Passive Quality Culture Leads to “Ticker Shock”

Asking a roomful of testers, “What do software defects really cost?” and then telling them, “much more than you think,” before anyone gets the chance to answer is a pretty gutsy move. It’s certainly one that could’ve easily backfired for Parasoft chief strategy officer Wayne Ariola at last week’s STAREAST conference.

It did not backfire, and after waves of evidence of the immense financial impact that defects in production can have on an enterprise, I got the feeling that many in the room made mental notes to have some very serious conversations with various departments upon returning home.

Everyone knows that software defects cause long hours of rework, and new feature releases get pushed back, sometimes patches have to applied – but quantifying that into actual financial blows is not only difficult, those numbers are rarely shared with devs, testers, and others outside of the investor and executive levels.

Citing familiar software failures from banks and insurance, Sony’s constant hacks, Target’s 2014 identity theft problem, and American Airlines’ recent iPad glitch, Ariola then moved to a series of hard to stomach line graphs that showed the plummeting stock prices that each of these failures caused.

Immediately following these failures, as news grew and social media shares mounted, these stocks continued to tank. In some examples, once prices began to climb again, they plateaued far lower than the price per share before the release or bug discovery.

StockGraph
American Airlines stock price as news grew about a recent defect

Ariola blamed these failures on a “culture of not focusing on software quality,” and no one disagreed. This isn’t to say that those testers in the room aren’t focused on quality, but is everyone else? Not likely. And for something as difficult to change as culture, it’s not the time for testers or anyone else to point fingers. It’s time to right the ship before your organization is the next one in the headlines.

So how do we fix this?

For one thing, Ariola says it’s time to start sharing financial information like stock prices with developers—and I would add product owners, designers, and anyone else who touches a release candidate before it ships. And that doesn’t mean sending a quarterly email to the company with little more than a three-month stock history screenshot in it.

This is looking at the price of your company’s stock at the hour a new release came out, and then tracking other significant moments from there. When was bug found? Who found it first? Was it publicized? How long did it take until it could be fixed? How quickly could support resolve issues, and satisfy customers? These are the kinds of metrics that absolutely can impact something as seemingly distant as to what’s going on on Wall Street – an area where some may not know they have so much of an impact.

And for those that don’t work for a publicly traded company, there are other metrics to go by, like the number of customers you have, or the number of people who are currently using your mobile app. Ariola asked early on, “How many of you have ever downloaded an app you hated?” Of course every hand went up, and when he then asked, “And what did you do when you realized you hated it?” we all proudly and immediately shouted in unison, “We deleted it!”

This is the mindset of today.
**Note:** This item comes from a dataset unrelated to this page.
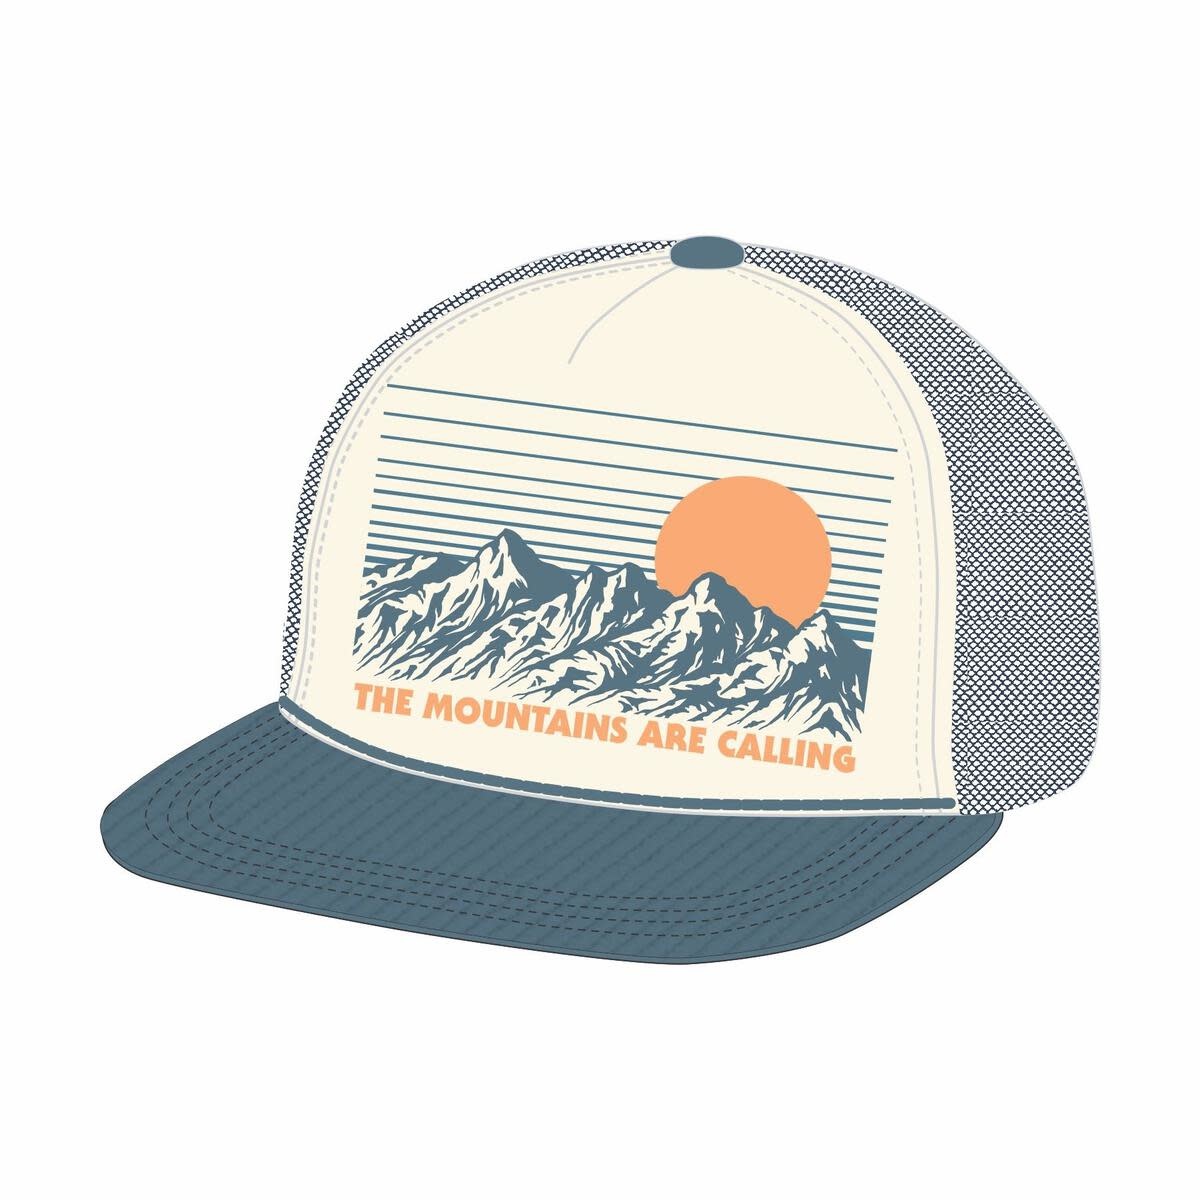 Tiny Whales Tiny Whales Mountains Are Calling Trucker Hat - River Blue/Natural

The only thing that takes less time to download a mobile app, is deleting it. Like a stock price, if the number of subscribers/users of your software is falling more often than it’s rising, this can be a serious issue.

One suggestion that was made to combat buggy releases, was to stop asking, “Are we done testing” and instead, ask, “Does the release candidate have an acceptable level of risk?” Some may incorrectly assume that those two are similar enough to not warrant changing the approach to testing—but this only allows the current culture to continue to put your business and customers at risk.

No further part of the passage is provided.